-- DATASET EXTRACT follows --

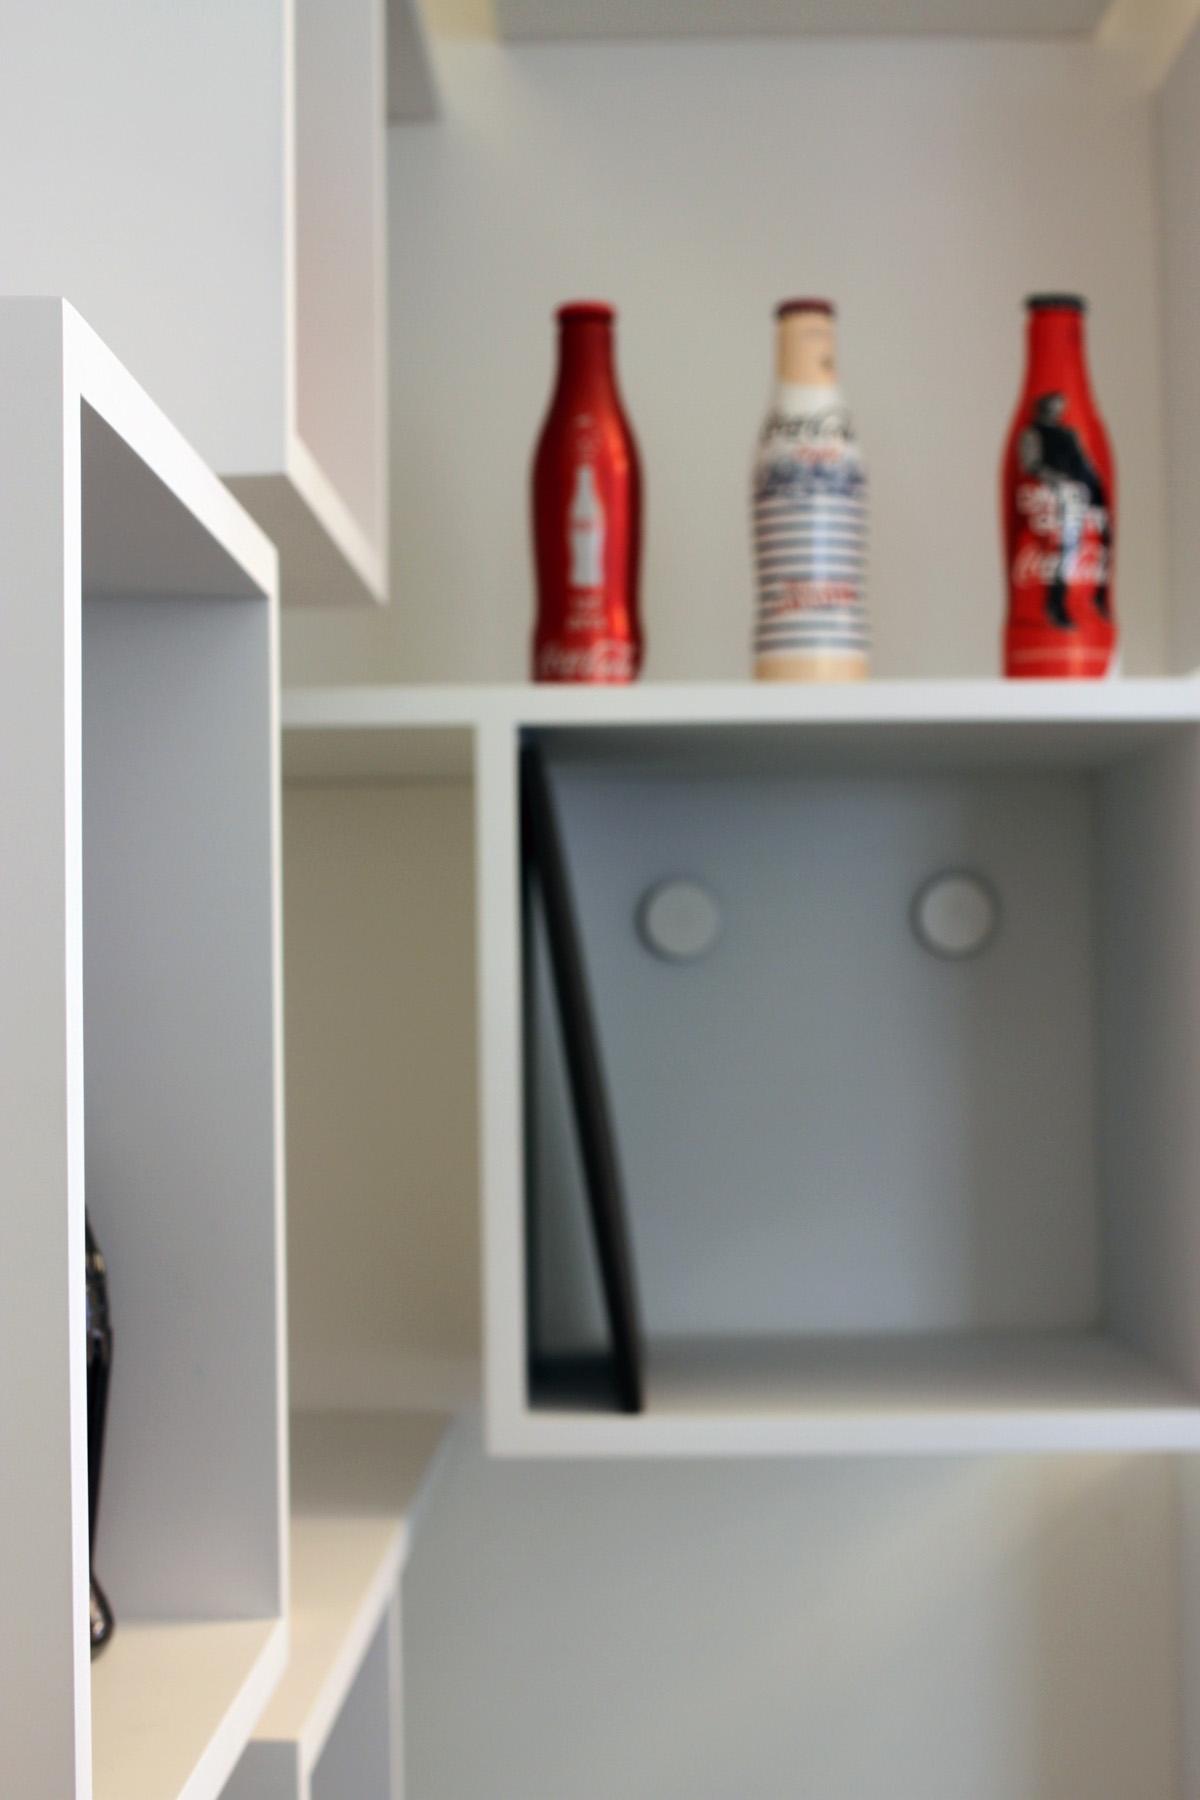 Media-tech5 AEGIS MEDIA bibliothèque Mobilier cubes blanc bureau Jadot design sur-mesure Agence MAJOTIK
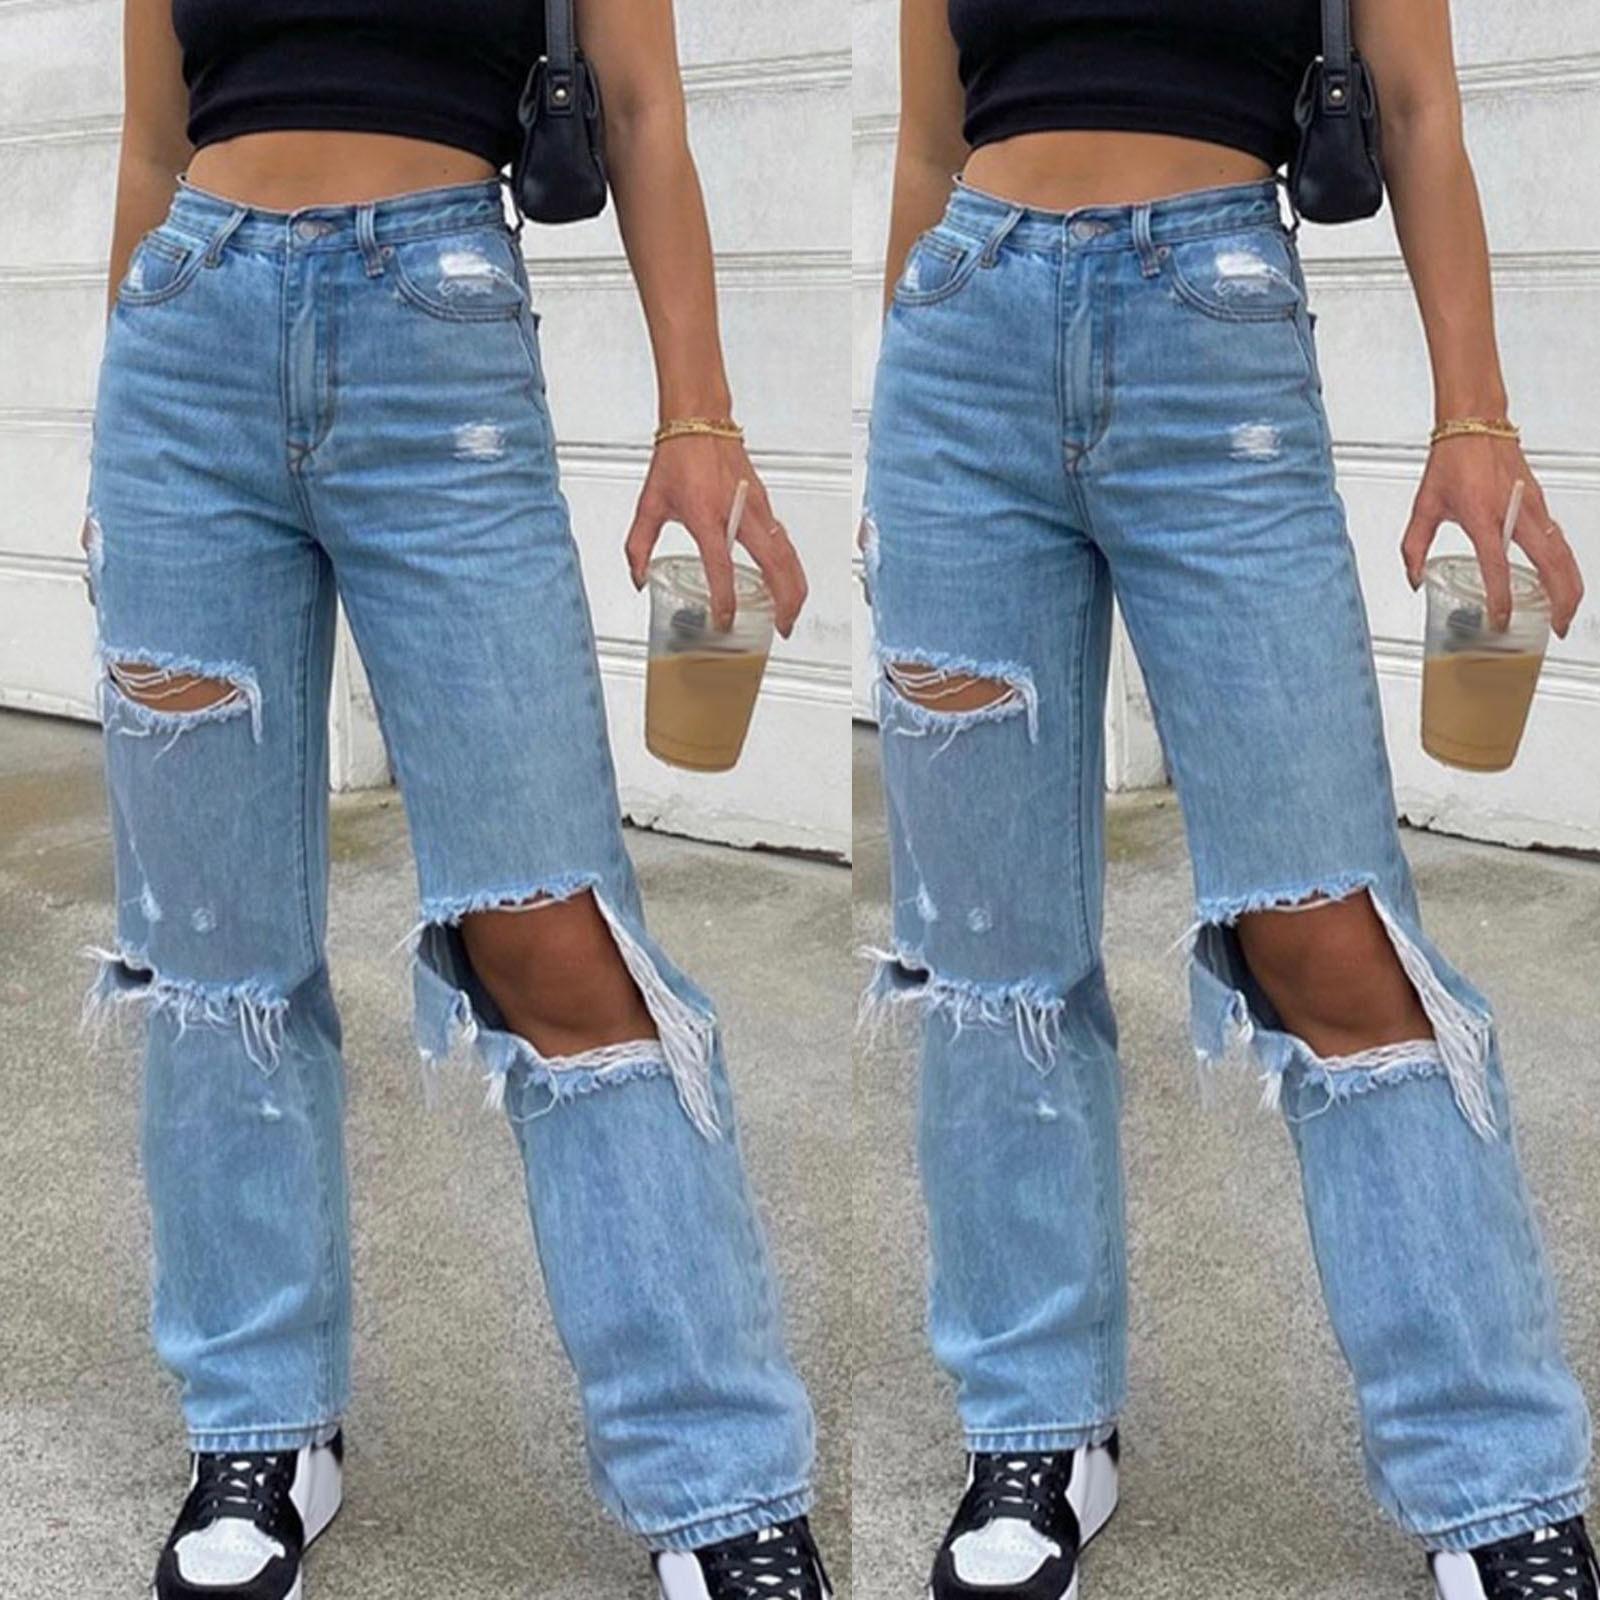 Erkek arkadaşı kot kadınlar için düğme yüksek bel cep elastik delik kot pantolon gevşek Denim pantolon Широкие Джинсы
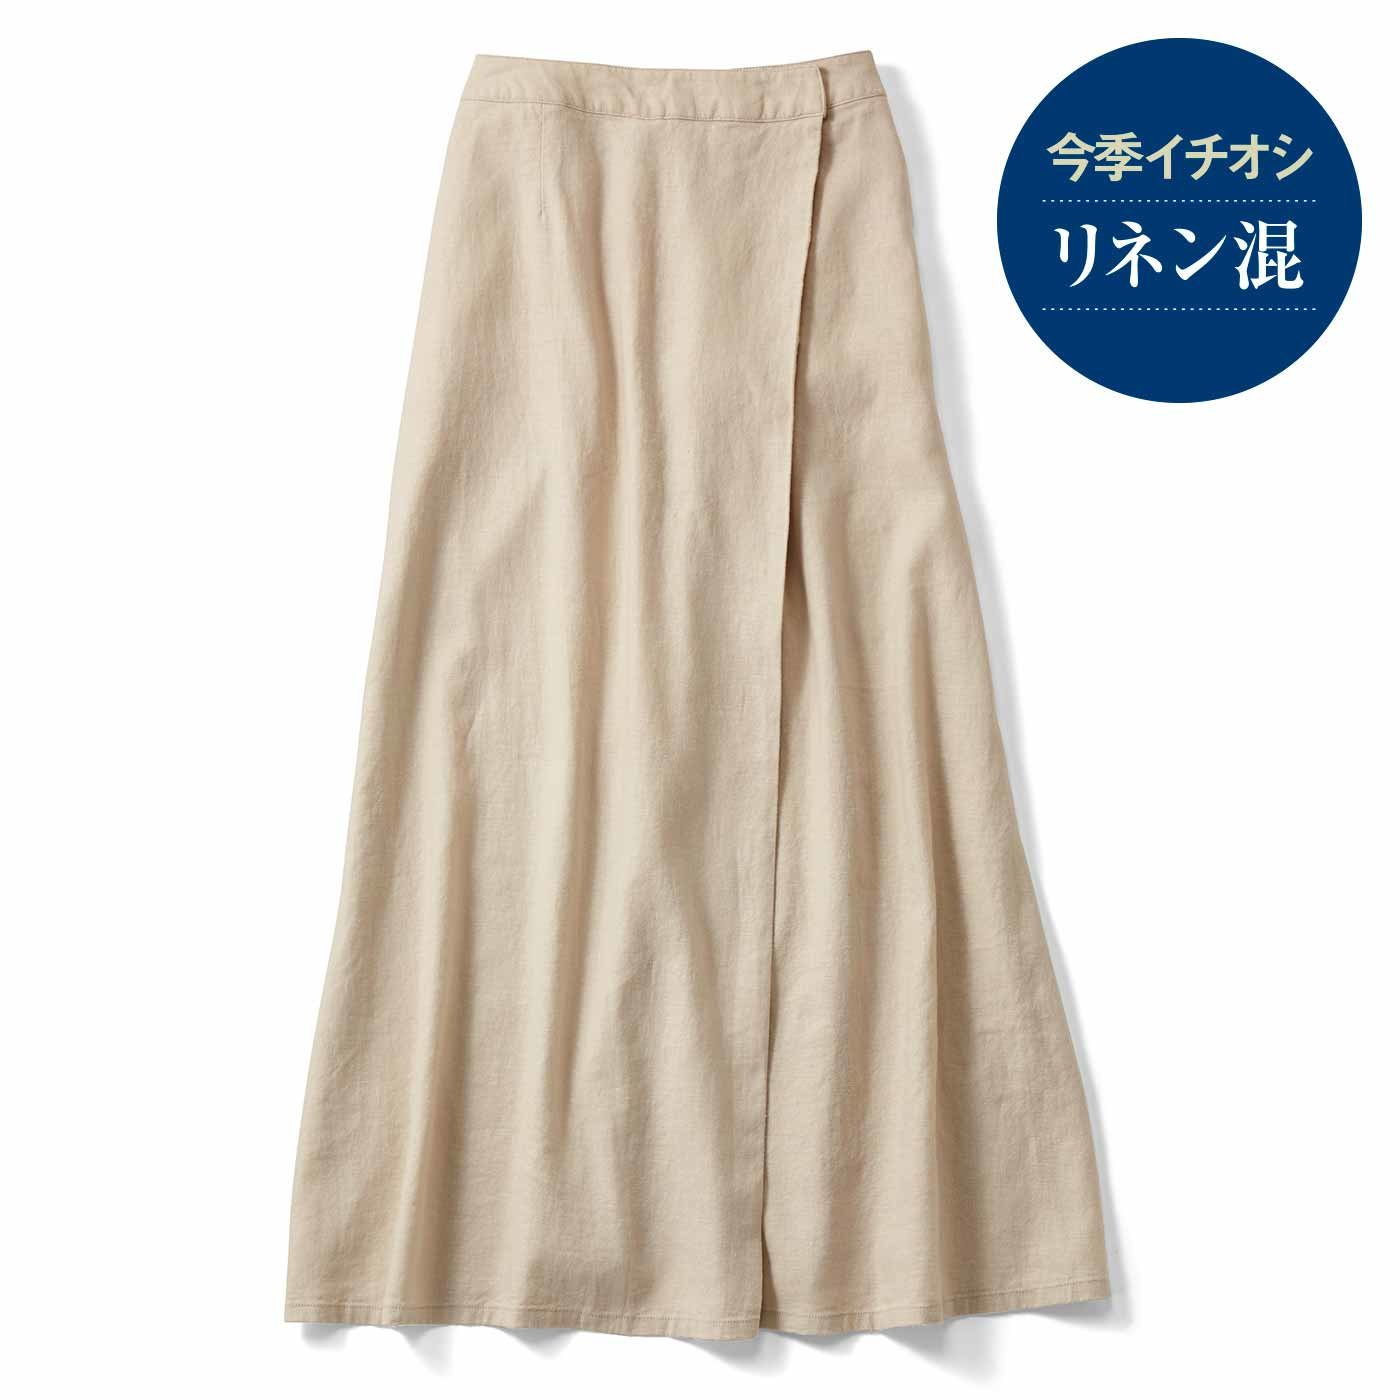 【3~10日でお届け】IEDIT[イディット] リネン混素材で上質にこなれる すっきりシルエットのラップ風Aラインロングスカート〈ベージュ〉
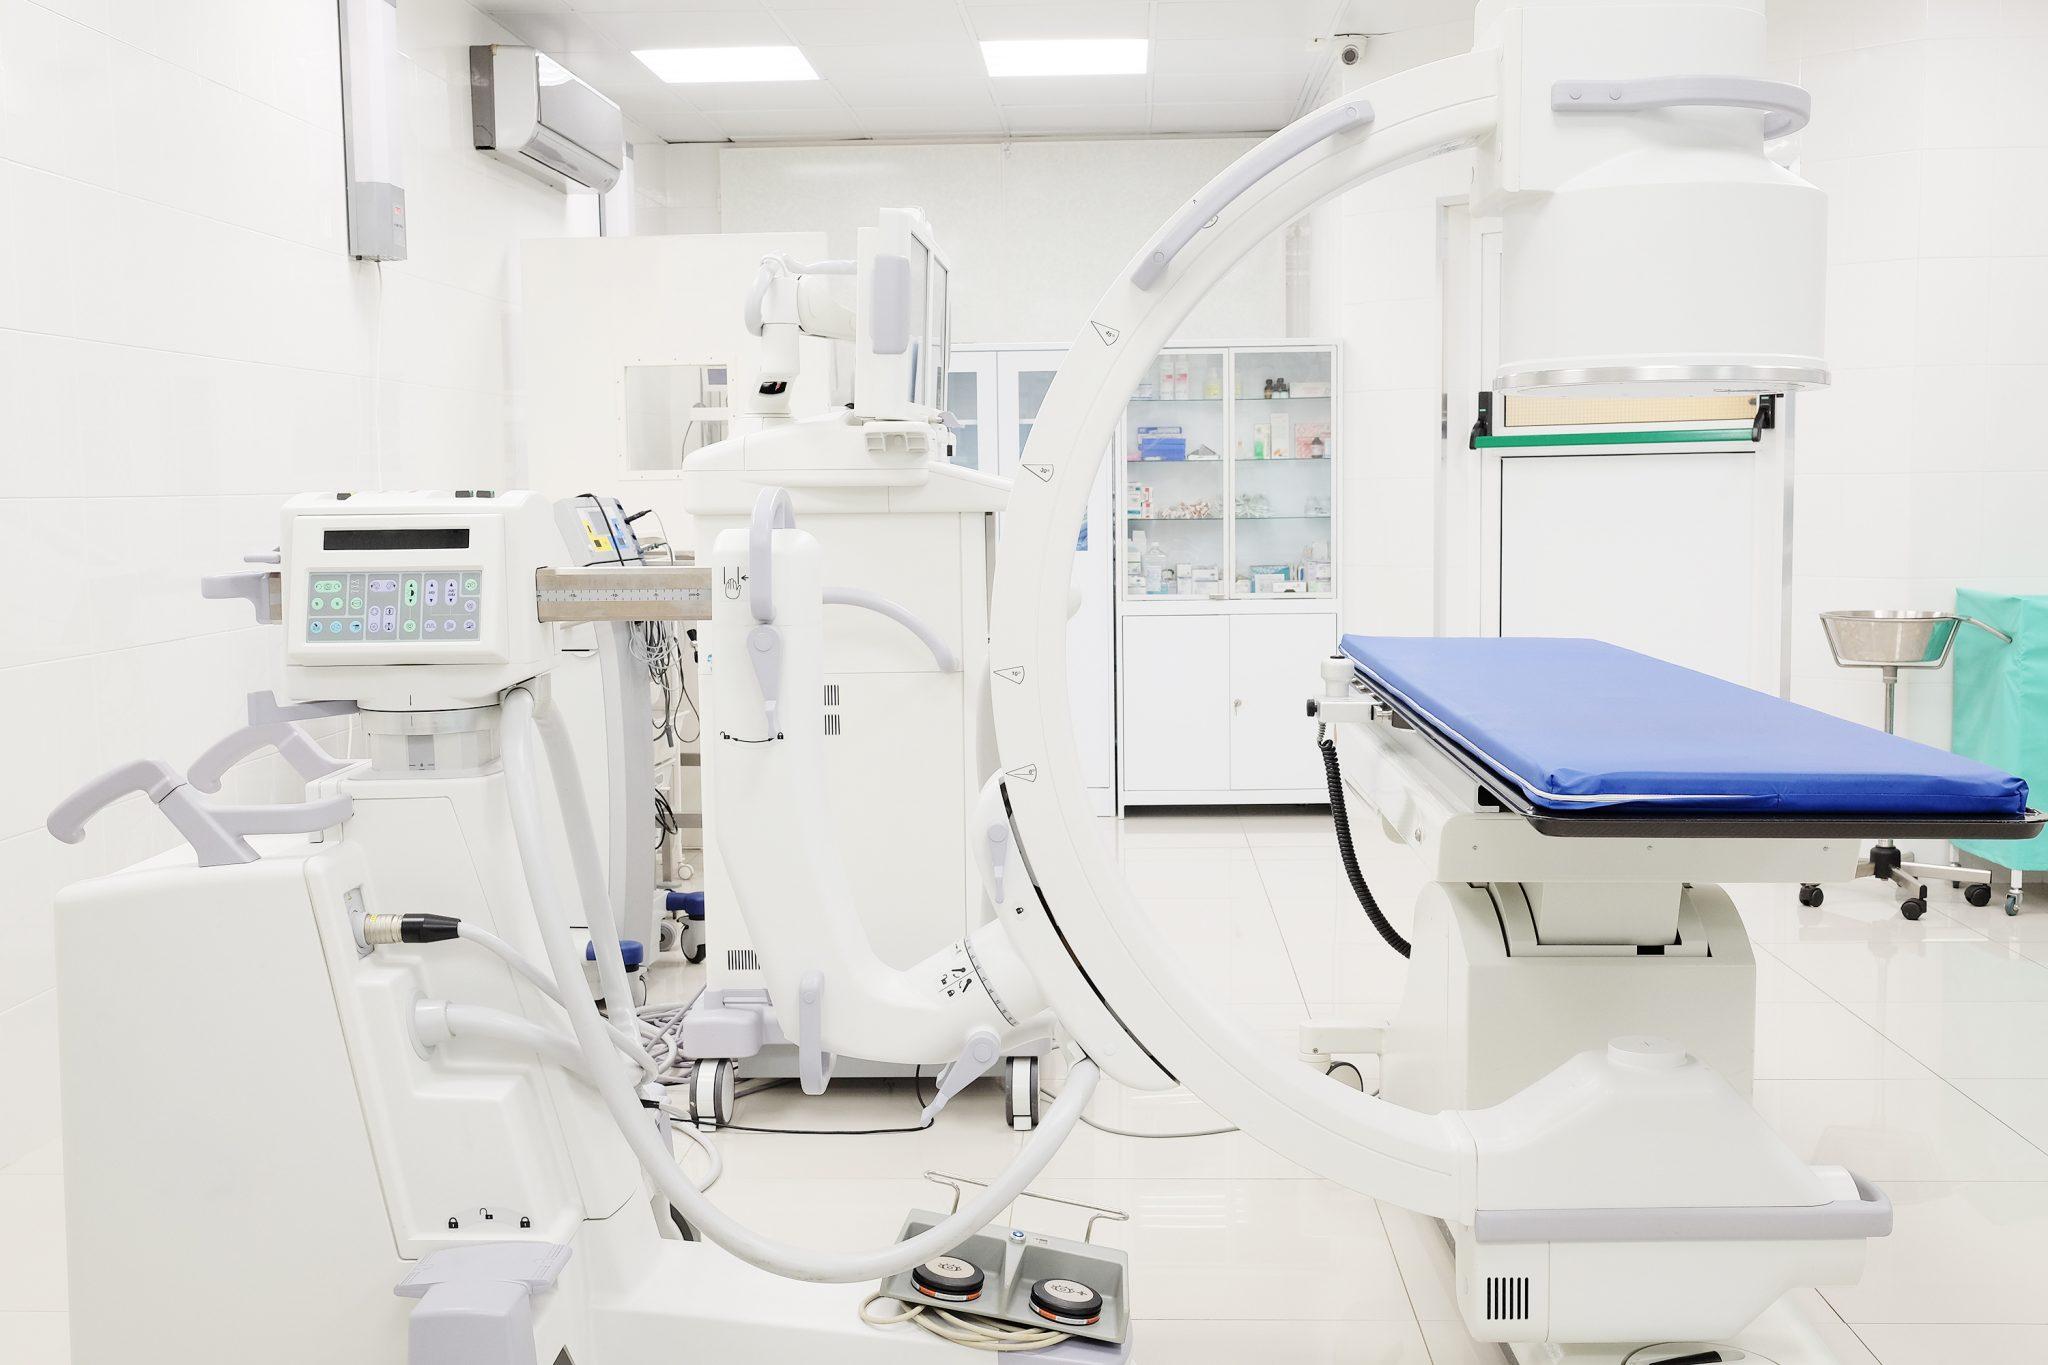 Thủ tục đăng ký lưu hành trang thiết bị y tế sản xuất trong nước

-- DATASET EXTRACT concluded --

[ASSIGNED TASK]:
Return the full listing exactly as it appears above, without its pictures.

[ANSWER BELOW]:
 Media-tech5 AEGIS MEDIA bibliothèque Mobilier cubes blanc bureau Jadot design sur-mesure Agence MAJOTIK
 Erkek arkadaşı kot kadınlar için düğme yüksek bel cep elastik delik kot pantolon gevşek Denim pantolon Широкие Джинсы
 【3~10日でお届け】IEDIT[イディット] リネン混素材で上質にこなれる すっきりシルエットのラップ風Aラインロングスカート〈ベージュ〉
 Thủ tục đăng ký lưu hành trang thiết bị y tế sản xuất trong nước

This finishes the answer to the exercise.